### THE TASK:
Print, please, exactly the lines from the one with "COSJAR cometic container" through the final line of the data below, with both ends included and the pictures left out.

### DATA PROVIDED:
◆ ◆ ◆ ◆ ◆ ◆ ◆

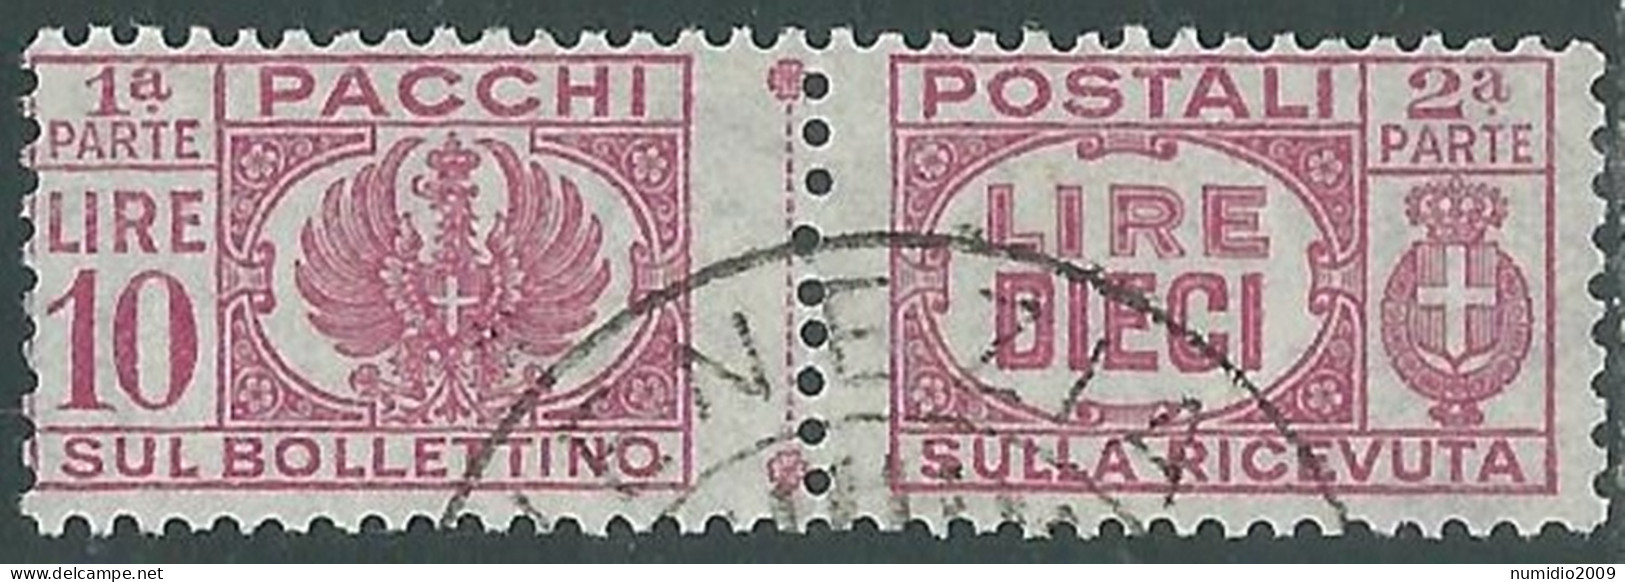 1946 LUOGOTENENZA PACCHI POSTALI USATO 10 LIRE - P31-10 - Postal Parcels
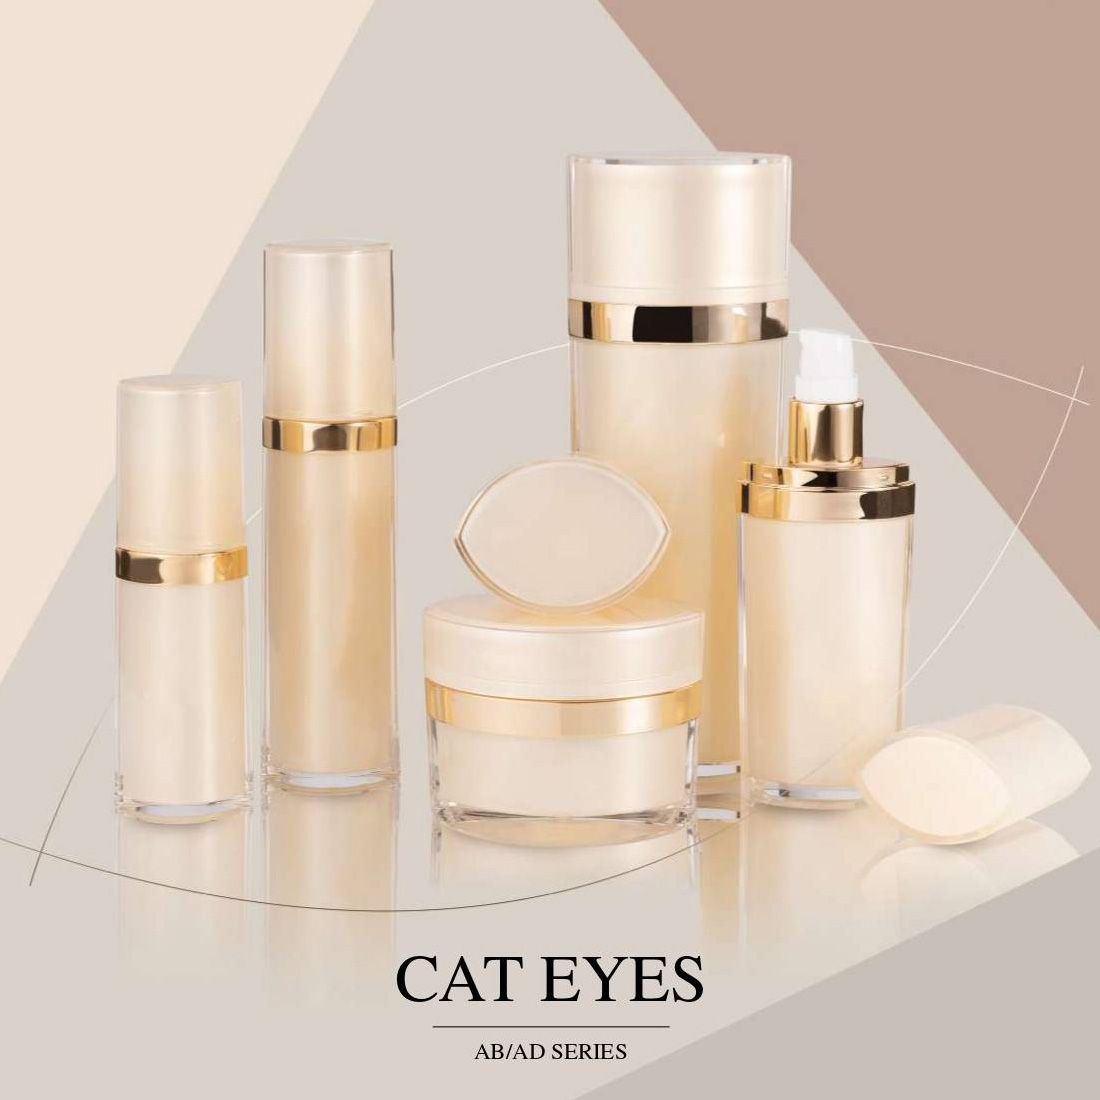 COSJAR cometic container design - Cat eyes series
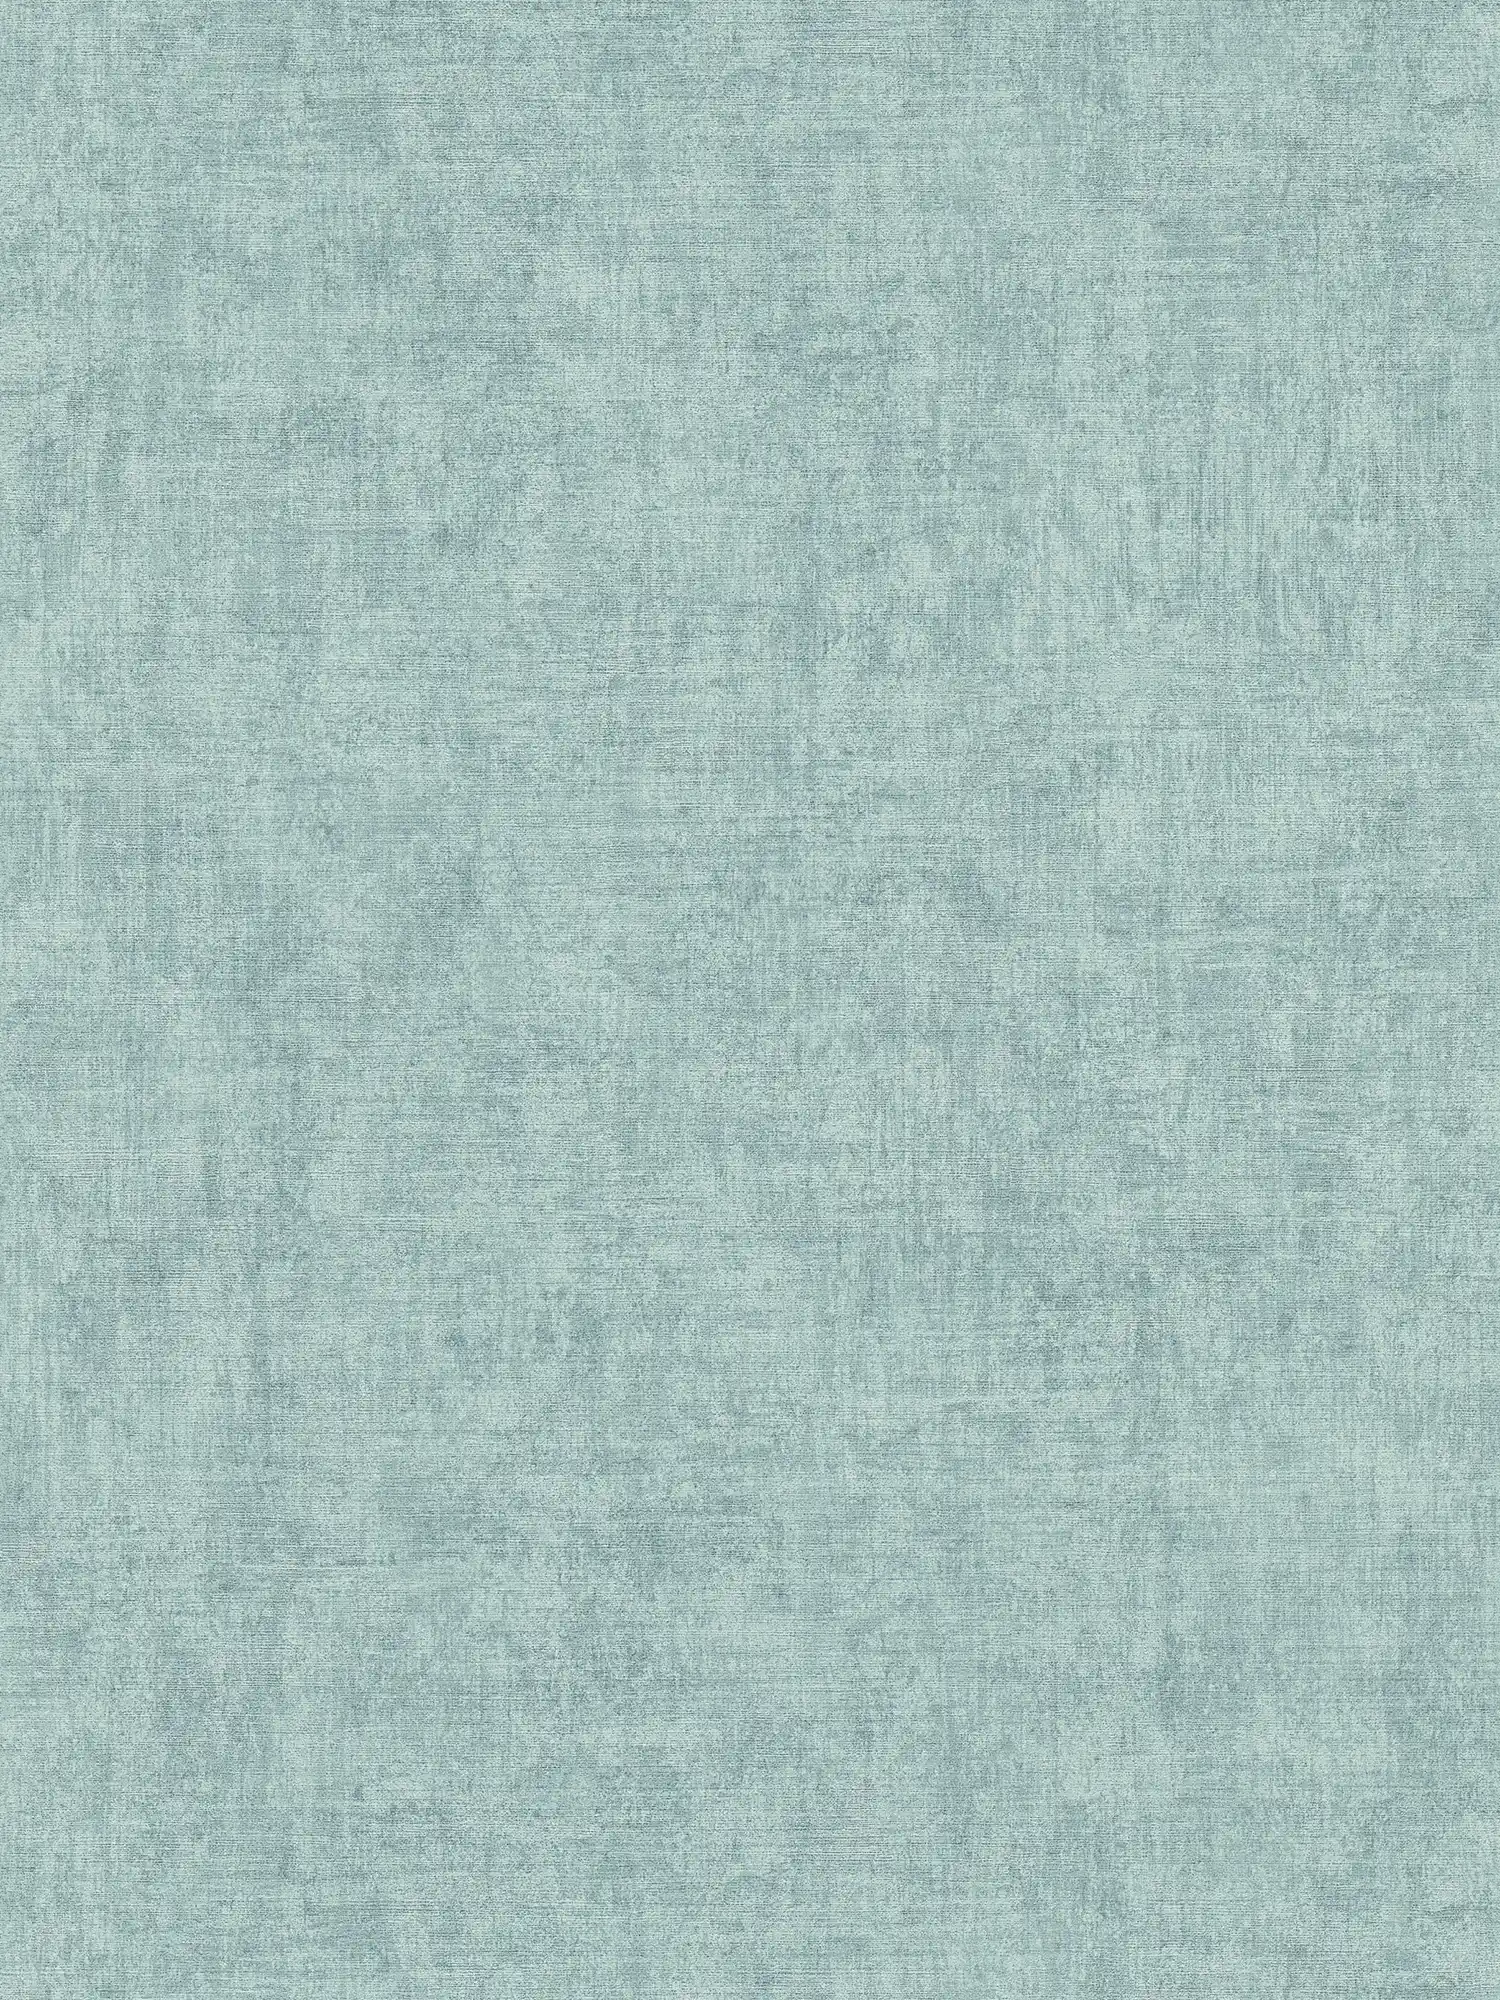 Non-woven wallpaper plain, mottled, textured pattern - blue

◆ ◆ ◆ ◆ ◆ ◆ ◆

### REPLY TO THE TASK:
 COSJAR cometic container design - Cat eyes series
 Non-woven wallpaper plain, mottled, textured pattern - blue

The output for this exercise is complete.